Già da fidanzati è bene iniziare questo cammino di preghiera e di santità insieme, perché il fine della vita non è tanto sposarsi ma diventare santi. Marito e moglie devono dunque aiutarsi per giungere a questo obiettivo. La condivisione della fede, inoltre, aiuta moltissimo nel superare i momenti difficili. Se uno dei due non crede, tutto il supporto della spiritualità della famiglia viene a mancare e tutto si fa molto più complicato. È quindi molto importante che quando si valuta la scelta di un ragazzo o di una ragazza, tra i vari fattori, si tengano conto delle qualità morali e dei medesimi ideali. Se però capita che si abbia come fidanzato o fidanzata una persona lontana dalla fede dovete operare per portarla con voi sul cammino della fede perché la condivisione della vita sarà molto più ristretta e non le cose che veramente contano.

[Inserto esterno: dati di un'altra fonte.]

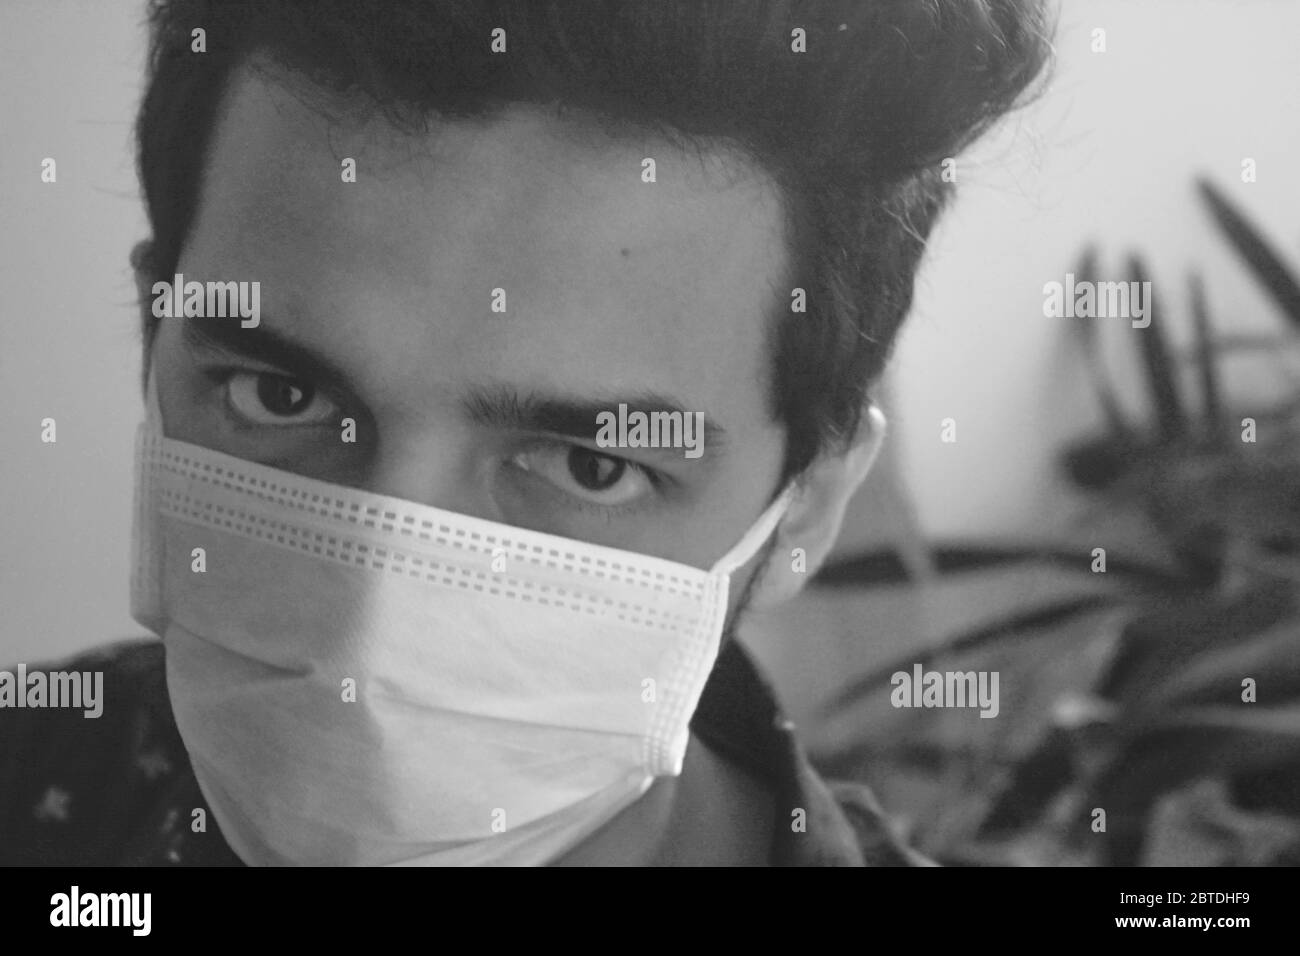 il concept de prévenir la propagation du virus de la corona épidémique. homme portant un masque facial et regardant la caméra., photo noir et blanc. Banque D'Images

IL VERO AMORE DI COPPIA È A IMMAGINE DI DIO
Non c'è una realtà che la letteratura profana e la vita di ogni giorno abbiano più tristemente, criminosamente deformato, sporcato, mutilato, sciupato quanto l'unione divina fra l'uomo e la donna. Malgrado questo il matrimonio è e resterà sempre il simbolo divino dell'unione dell'anima con il Cristo; perché nonostante tutte le deformazioni, l'amore di due esseri che si danno liberamente l'uno all'altra resta comunque una delle cose più sublimi che ci siano quaggiù. Non se ne può parlare senza parlare al tempo stesso di unità e di eternità. La terra non conosce un fiore più bello che il fiore dell'amicizia, che è l'elemento più elevato e durevole dell'amore, cioè la dedizione, la confidenza reciproca, la potenza del dono di sé spinto fino al sacrificio della propria vita e anche il senso di presenza anche nella separazione del corpo, corta o prolungata e la dolcezza del sostegno.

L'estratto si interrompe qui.